In my case, the drugs that worked for me were Abilify and Strattera. An antipsychotic and an ADHD drug. I tried sooo many substances, licit and illicit, without much success as I grew up, trying to establish a modicum of control over my unruly mind. Lots of alcohol, which did not intoxicate me but rather made the world "slow down" for a few blessed hours.

I couldn't focus very well, or sit still for very long as a kid, and my lack of co-ordination was the stuff of many jokes. I would begin a conversation and then the words I was using would literally escape me mid-sentence---what was I saying? It was sort of like alzheimer's but I was only ten! Maths or foreign languages were all but impossible for me, and most teachers regarded me as lazy and unserious.
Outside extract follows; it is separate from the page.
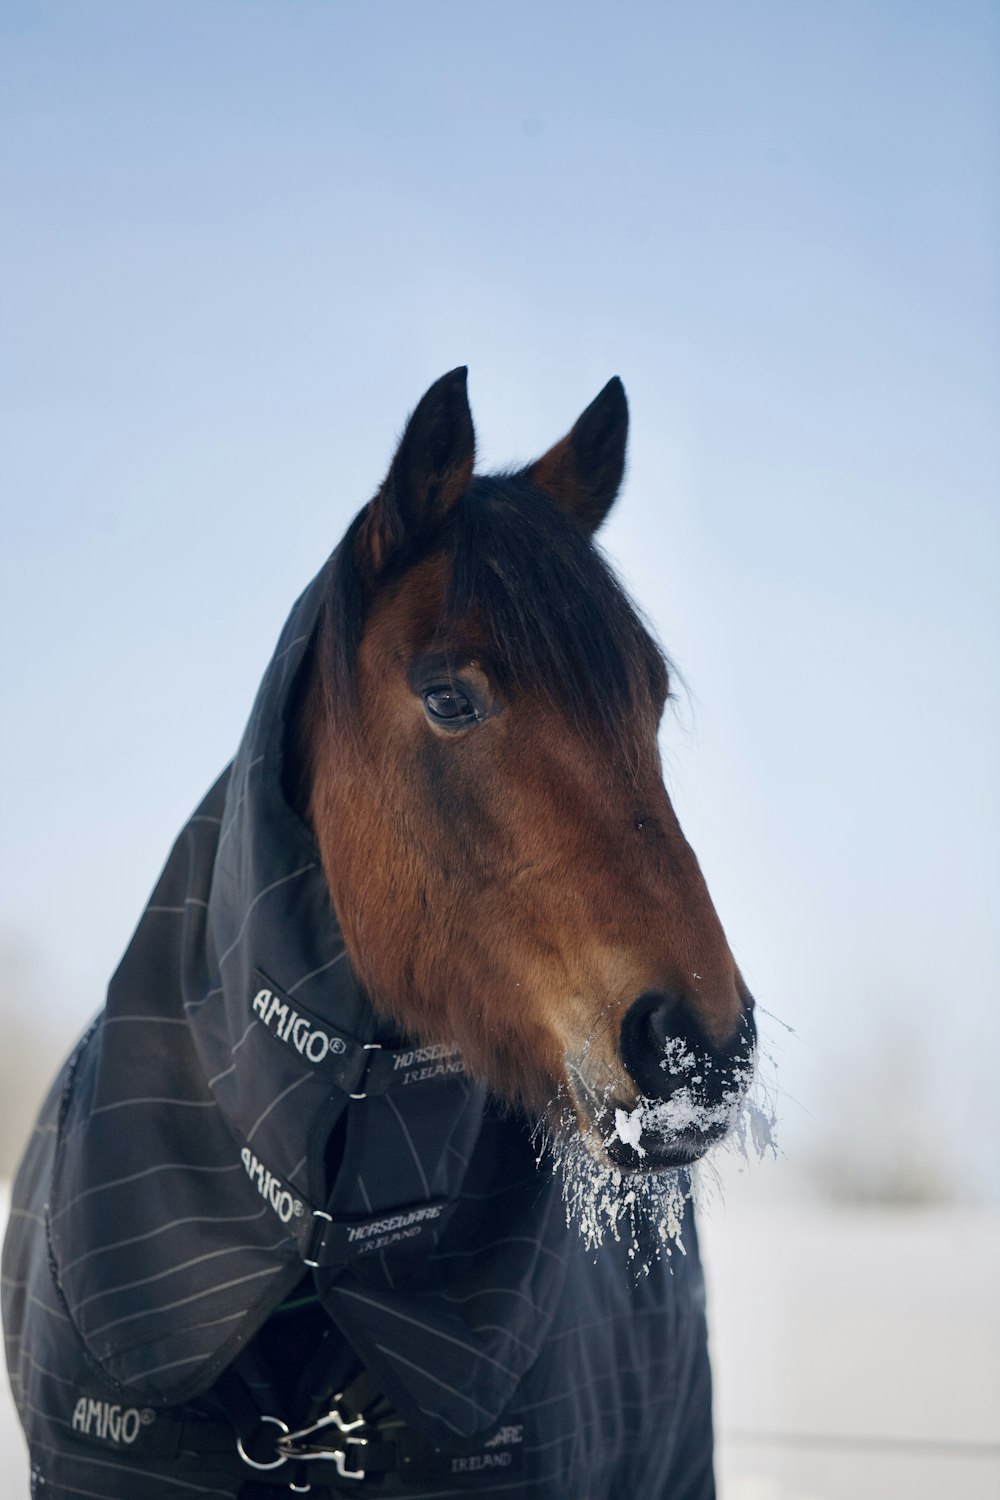 a brown horse wearing a black jacket in the snow

Thinking back, just about the worst thing about growing up when I did was...the clothes. I was a teen during the Seventies, when all sorts of unholy polyesters and fake fabrics were in vogue, and it sucked. I hated the feel of so many items that I refused to wear all but much worn second hand stuff that was formless and style less but did not oppress me.

The kids today should thank their stars that they live in a world with proper understanding and medications for this...condition? Many Elder Aspies had to fight every day against a condition with no name....unless it was "minimal brain dysfunction" or some other crazy construction. I grew up knowing something was off about me, but not having a clue what.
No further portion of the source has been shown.